NFT marketplace The Dematerialised is currently hosting an NFT sale for Soulland, a Copenhagen-based menswear brand. The NFTs, all of a pink floral suit, range in price from €13 to €5,000, depending on what utility the buyer wants to get out of the NFT. All NFT buyers receive access to a USDZ file, which, when opened on iOS devices, shows the suit in AR on a user’s camera app.
“One of the criticisms about NFTs is the ‘so what?’ factor,” says Karinna Nobbs, co-CEO of The Dematerialised. “People think that NFTs have already had their moment, or that it’s just a cash grab. We’re trying to provide multiple utilities to our NFTs, even though they are quite rudimentary at this stage, so people can say ‘look at what I spent my money on’.”
DressX, a startup with a mobile app that offers an AR wardrobe both women and men can ‘wear’ and then share to social media, unveils a partnership with Crypto.com on 24 August. The initial collection is SpaceX and Elon Musk-inspired fashion NFTs, which customers can purchase on the Crypto.com NFT marketplace starting 29 August. After purchase, customers can use the DressX app to showcase themselves wearing a selected outfit in AR. While the usual DressX outfits are unlimited in quantity, the NFT outfits are limited and available in AR exclusively to the owners of the NFTs.
Creating high-value demand
The question is, why have an NFT component, which by definition constrains the number of AR outfits that can be sold? After all, Epic Games made $50 million off one set of Fortnite outfits, which were unlimited in supply.
Matthew Ball says that current consumer in-game spending is actually constrained because any items, goods, or currencies purchased in the game can only be used on that specific platform and the user doesn’t actually own the in-game outfit. On the other hand, because NFTs are built on public blockchain infrastructure and aren’t the provenance of a company, they hold the key to mimicking real-world scarcity and true ownership that enables goods to be sold at high prices.

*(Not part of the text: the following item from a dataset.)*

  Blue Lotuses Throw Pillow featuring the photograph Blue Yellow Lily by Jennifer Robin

Ball highlights the example of Larva Labs, which has used NFTs to issue CryptoPunks avatars that have sold at prices up to $11.7 million, hundreds of thousands times greater than avatars in hit games like Fortnite.

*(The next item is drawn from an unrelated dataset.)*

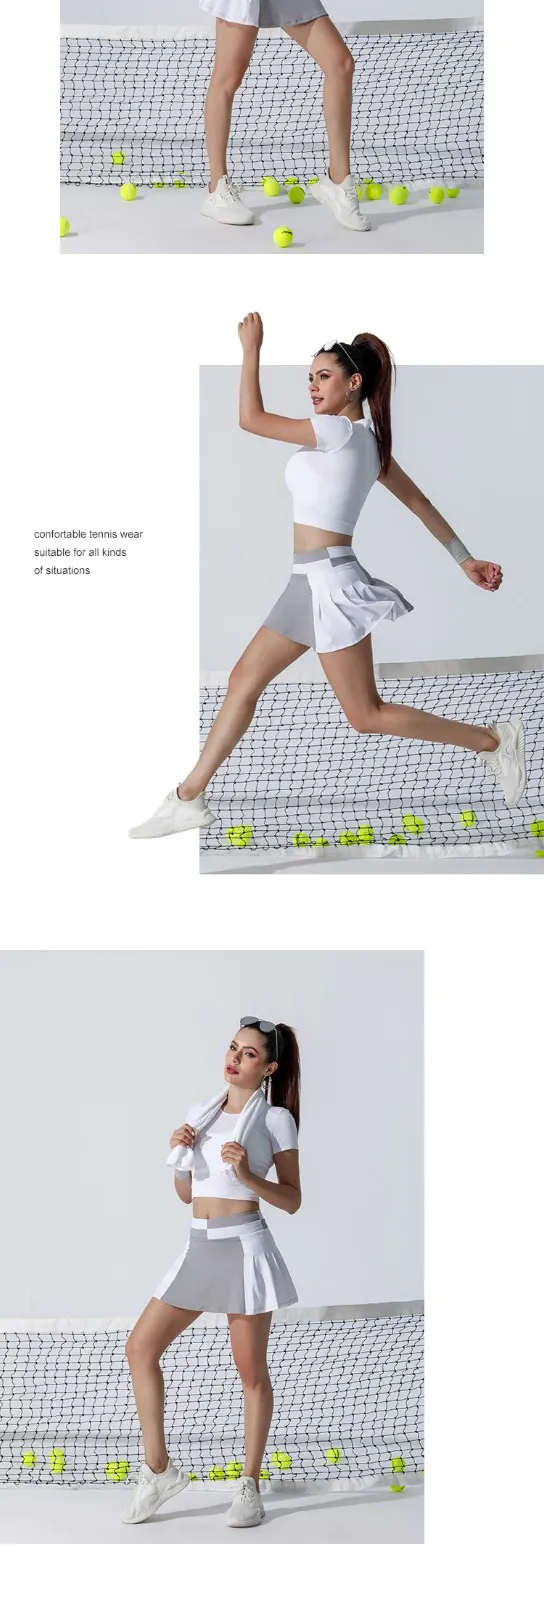 custom woman tennis clothes solutions for sport

He points out that companies will need to collaborate to figure out how to make the NFT useful to consumers in many different ways. “As the utility or usefulness of a purchase goes up, consumers will spend more on it,” he says. “The longer a customer believes it will be useful, the more places they can use it, the more they will spend on it.”
Emma-Jane MacKinnon-Lee, CEO of fashion NFT marketplace Digitalax, says that she is focused on providing multiple use cases to NFT owners. Digitalax sold several versions of the Rtfkt Metajacket, and the buyers received a digital art piece, AR version to try-on digitally and a gaming skin.
“We can imagine a lot more innovation happening, for example thinking of clothes powered with AI and evolutive representations, changing according to social interactions, moods, live events or the weather,” Rtfkt co-founder Pagotto says. “You can already see this happening in Fortnite with dynamic skins, and that’s some of the vision we’re executing on daily with our NFTs and creations at Rtfkt.”